What the task requires: Look below for the line that contains "Nate's Food Co.", and write out exactly that line and all remaining lines of the listing, omitting pictures.

Data shown:
——————————
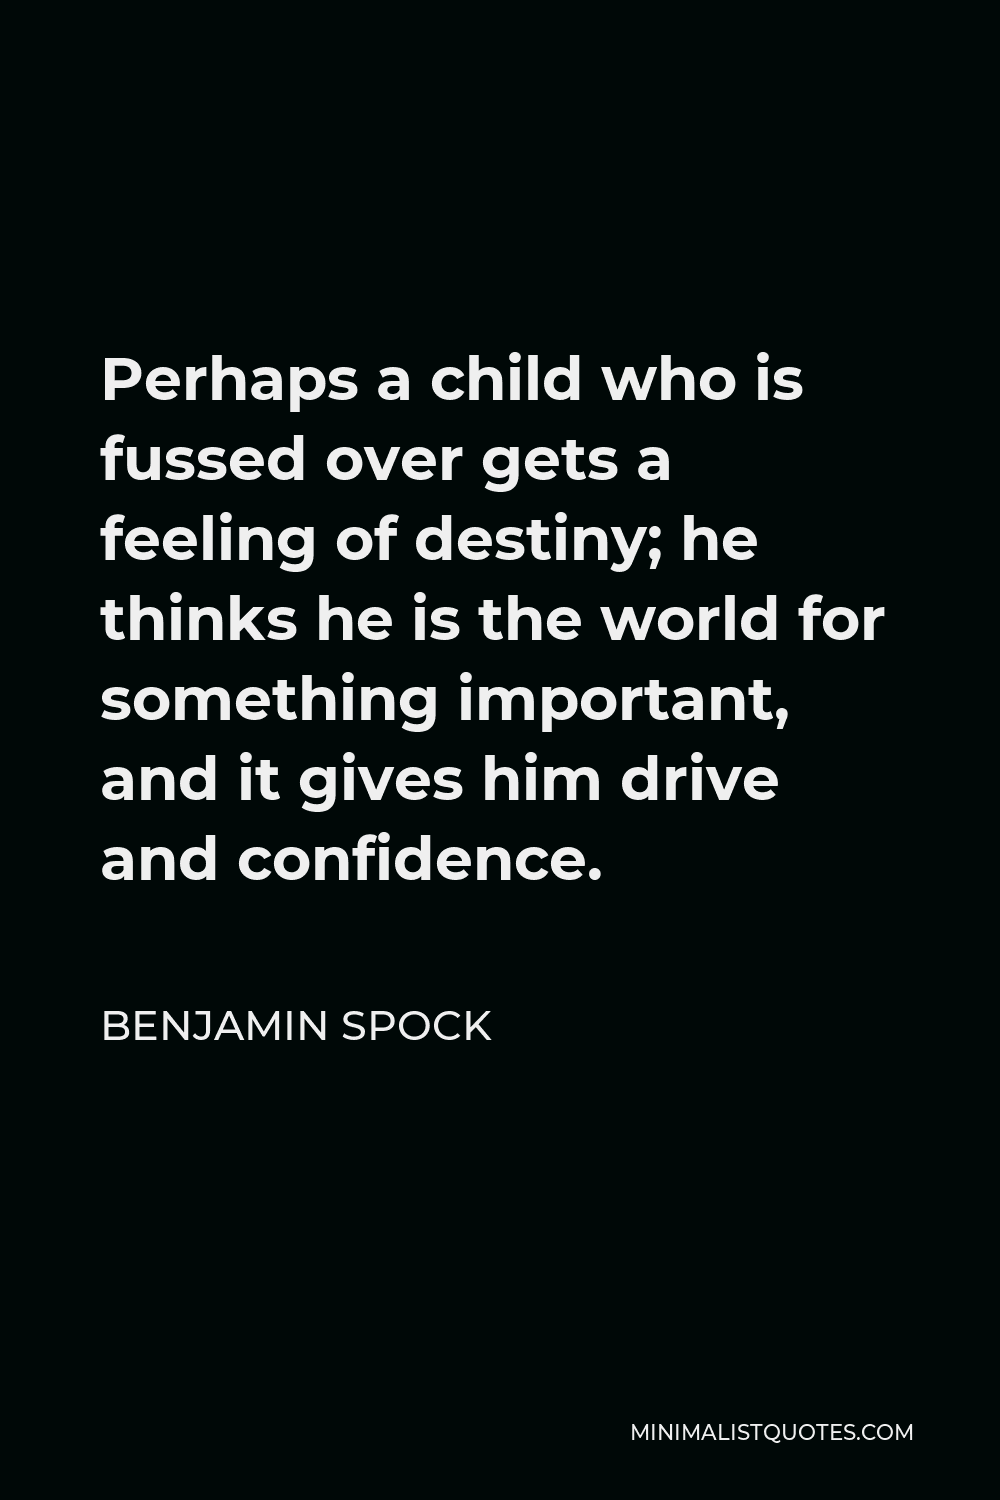 Benjamin Spock Quote - Perhaps a child who is fussed over gets a feeling of destiny; he thinks he is the world for something important, and it gives him drive and confidence.
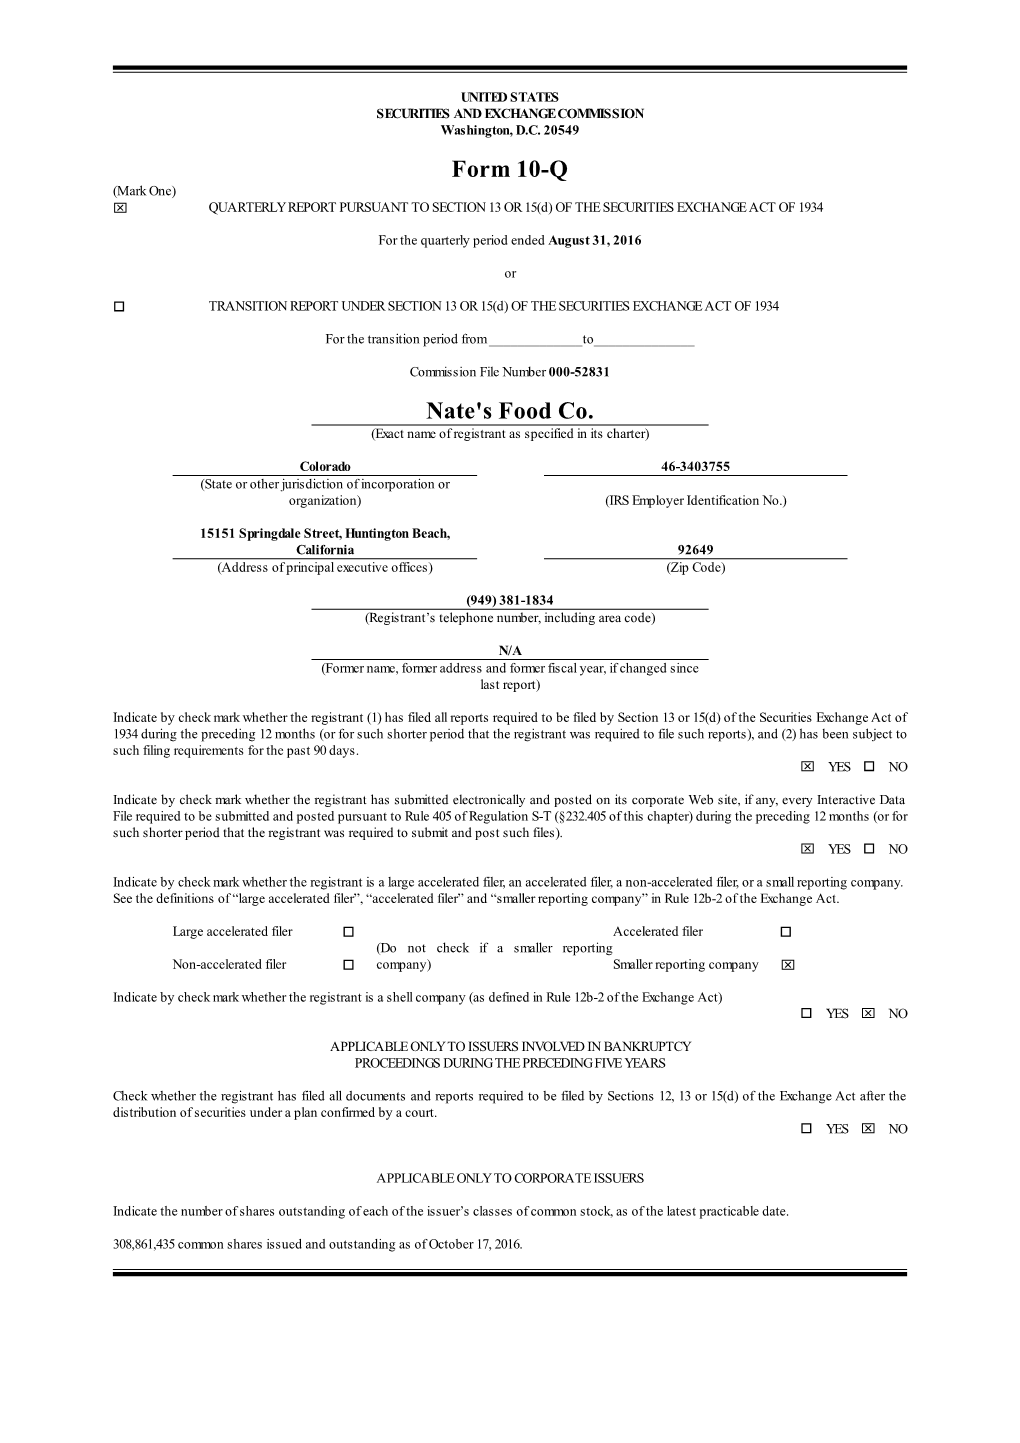 Nate's Food Co. | Quarterly Report | Form 10-Q | 2016-08-31
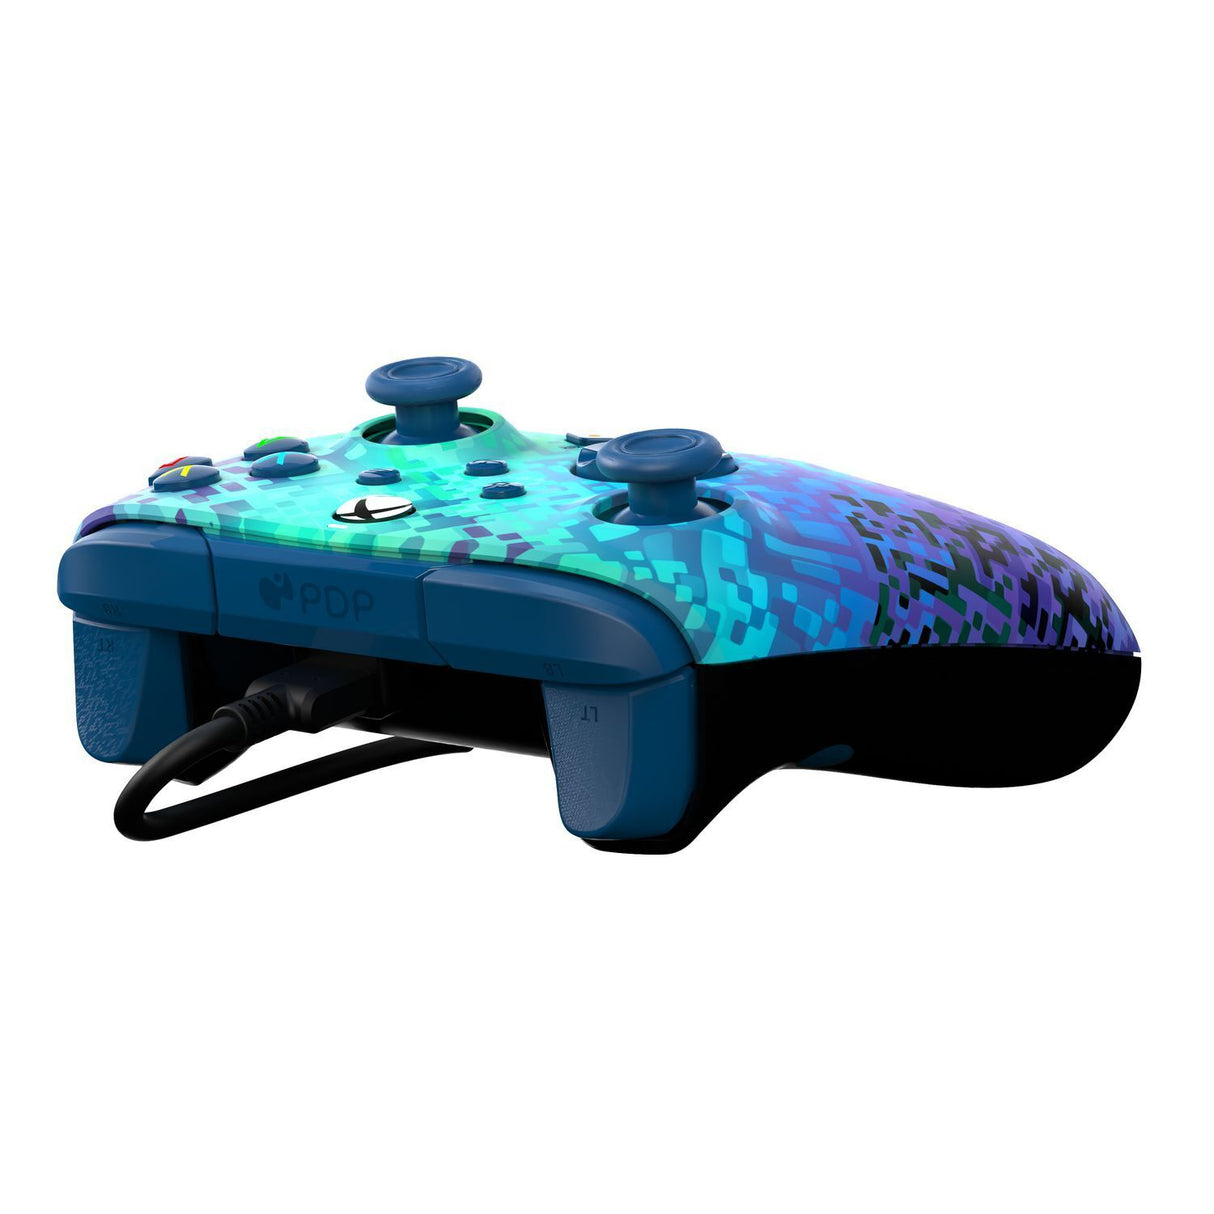 PDP Rematch Wired Controller for Xbox - Glitched Green - Pristine
——————————
Answer to the exercise:
 Nate's Food Co. | Quarterly Report | Form 10-Q | 2016-08-31
 PDP Rematch Wired Controller for Xbox - Glitched Green - Pristine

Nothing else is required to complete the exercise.